I ran over to the table as the attacker managed to extricate himself from it.
“Hey Broohn, I got a present for you!” I yelled as I shield punched the attacker over towards Broohn.
“I don’t want him! Take him back!” *punch*
“I don’t want him! He’s got cooties!” *punch*
“You’re a girl. Don’t you already have cooties?” *punch*
“No, it’s boys who have cooties!” *punch*
“No, we don’t!” *punch*
“Yes, you do!” *punch*
“Regardless, I still don’t want him!” *punch*
“Too bad, you’re getting him back!” *punch*
“Are you sure you should be doing this?” *punch*
“What do you mean?” *punch*
“You’re hurt!” *punch*
“It’s just a flesh wound!” *punch*
“But your arms come off!” *punch*
At this point, Dad walked up and held my left arm in place for the brief instant it took me to reattach it.
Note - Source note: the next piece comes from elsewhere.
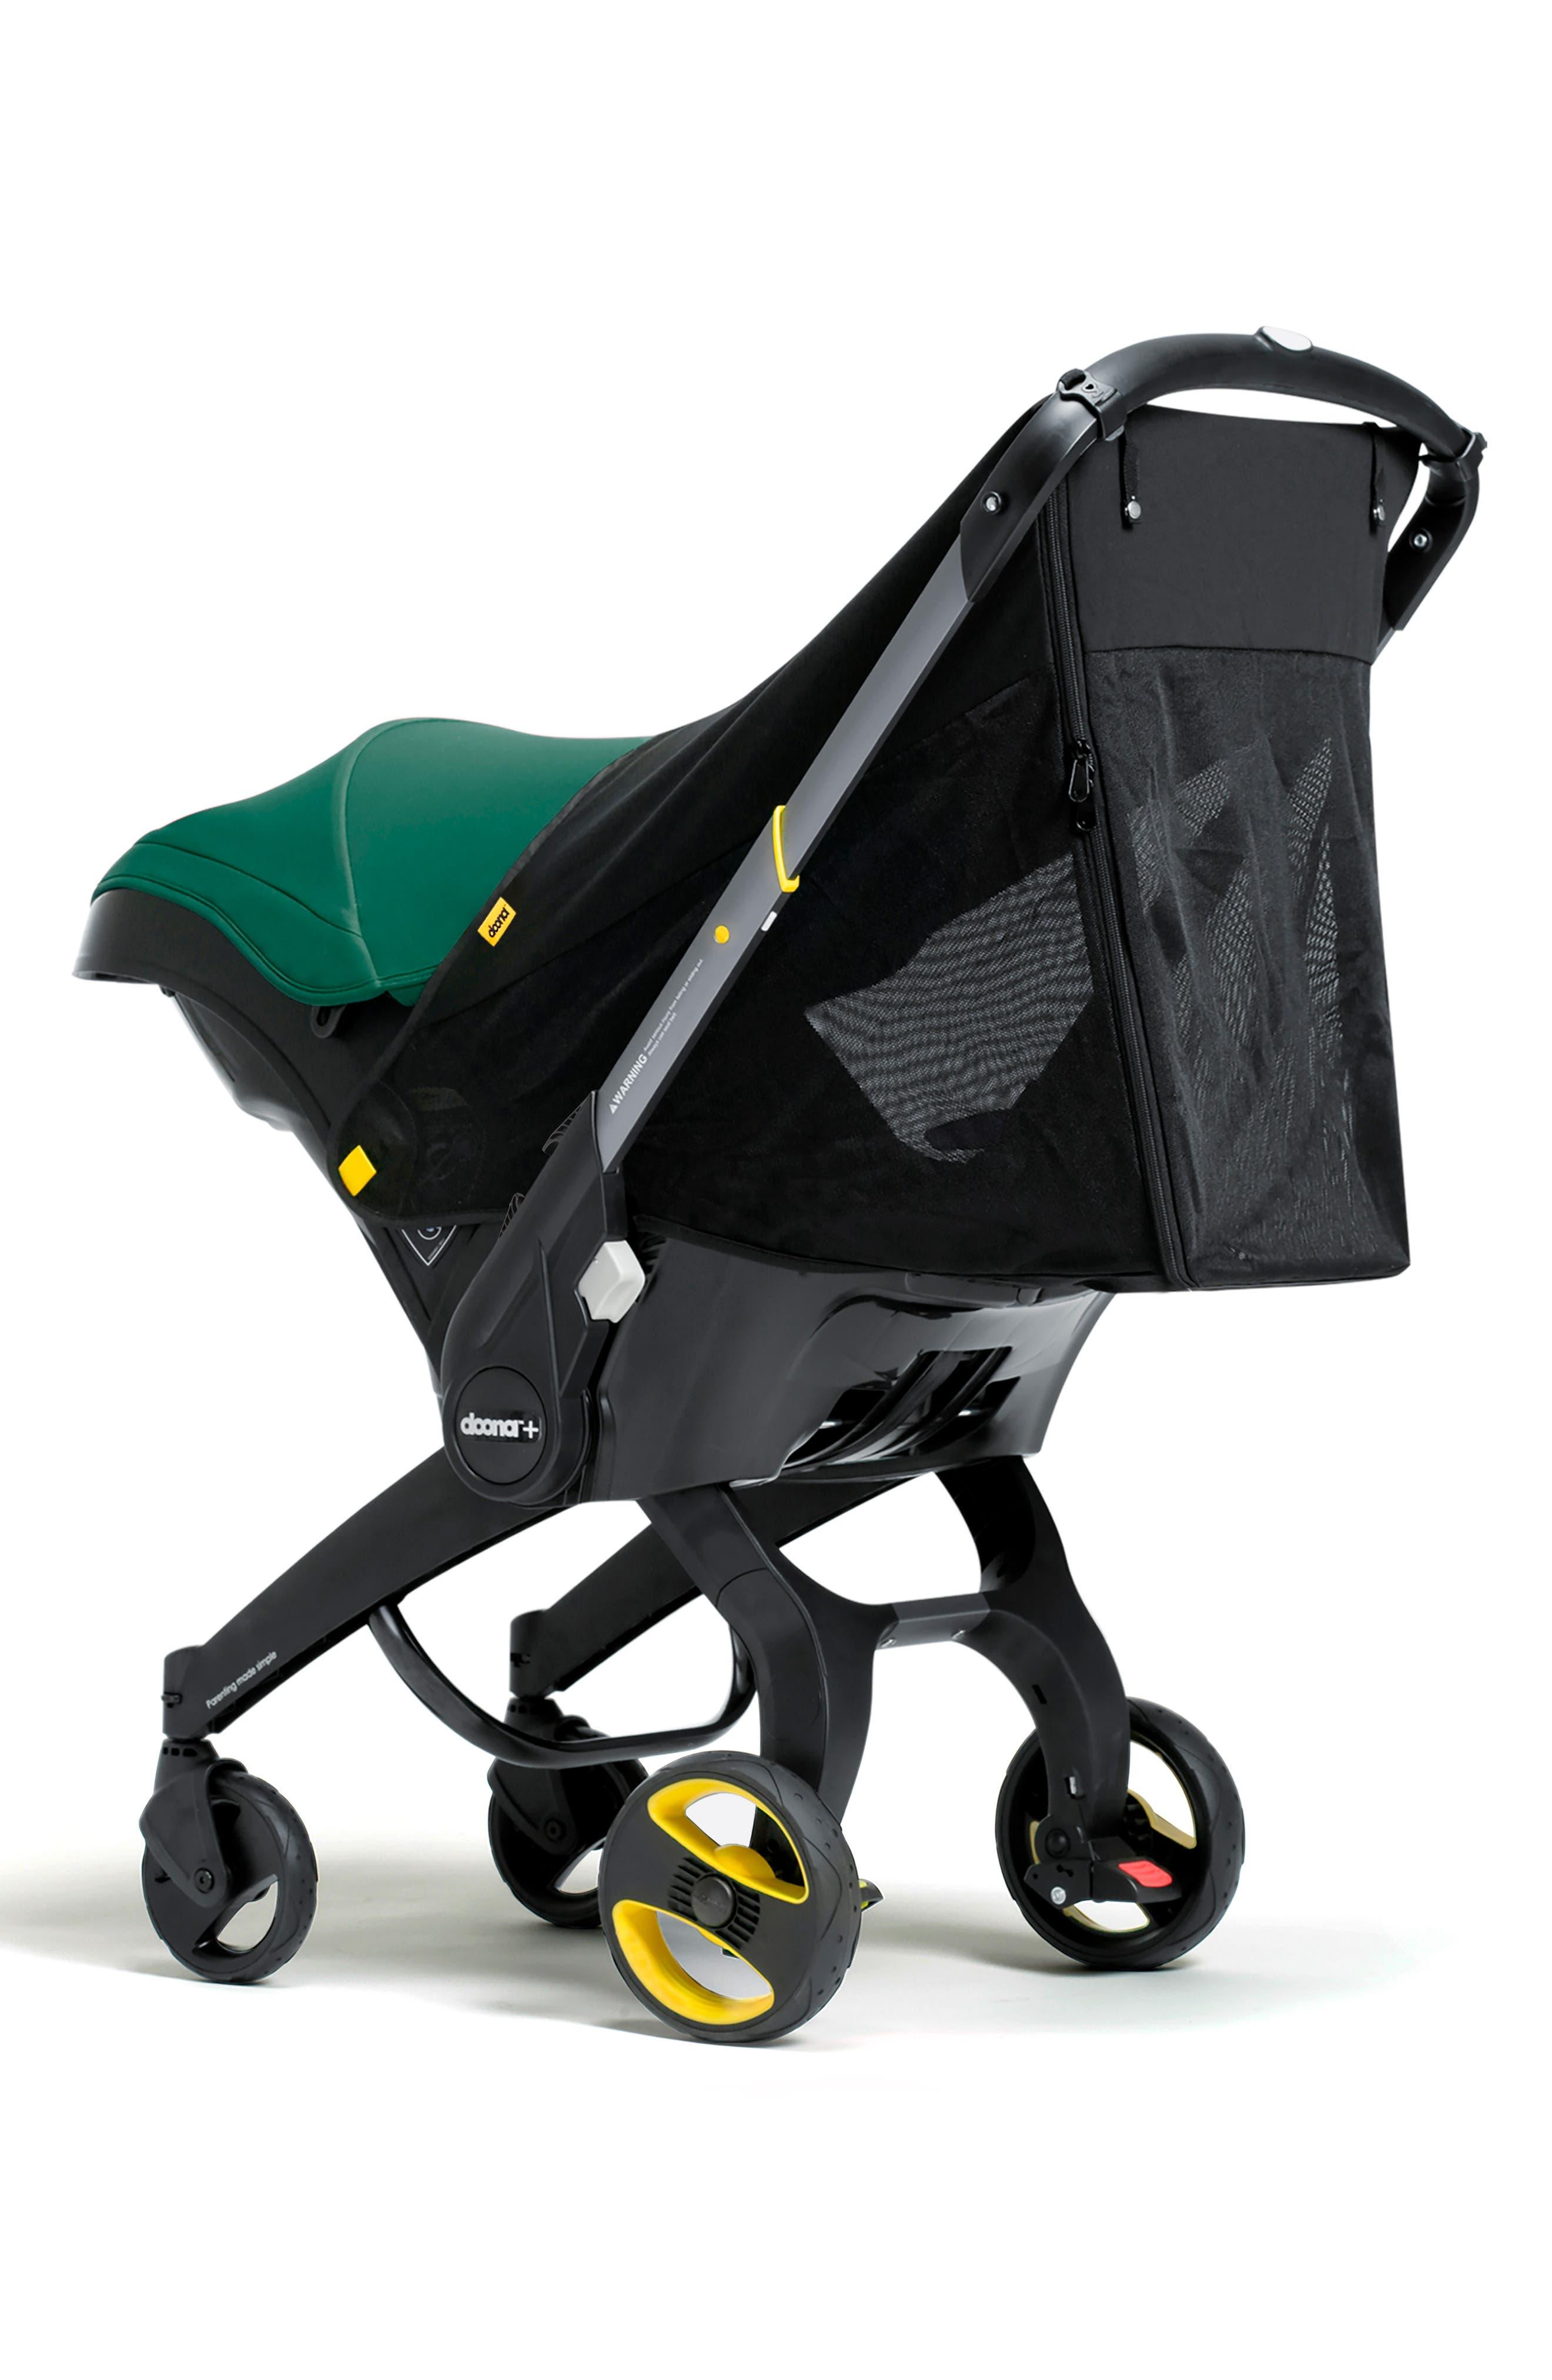 Doona Baby Gear & Essentials: Strollers, Diaper Bags & Toys | Nordstrom

I was having too much fun playing with the man to think about why Dad had time to bring me my arm.
“No, it’s not! See, it works just fine!” *left-handed punch*
“Alright children, that’s enough. Let the poor man lay down and rest, we’ll take it from here. The two of you did a good job keeping the assassin busy until we got here, but we must not let him win. We have to clean up this room and get it ready for the event tonight – again.”
“Yes, sir!” I said at the same time Broohn said. “Party pooper.”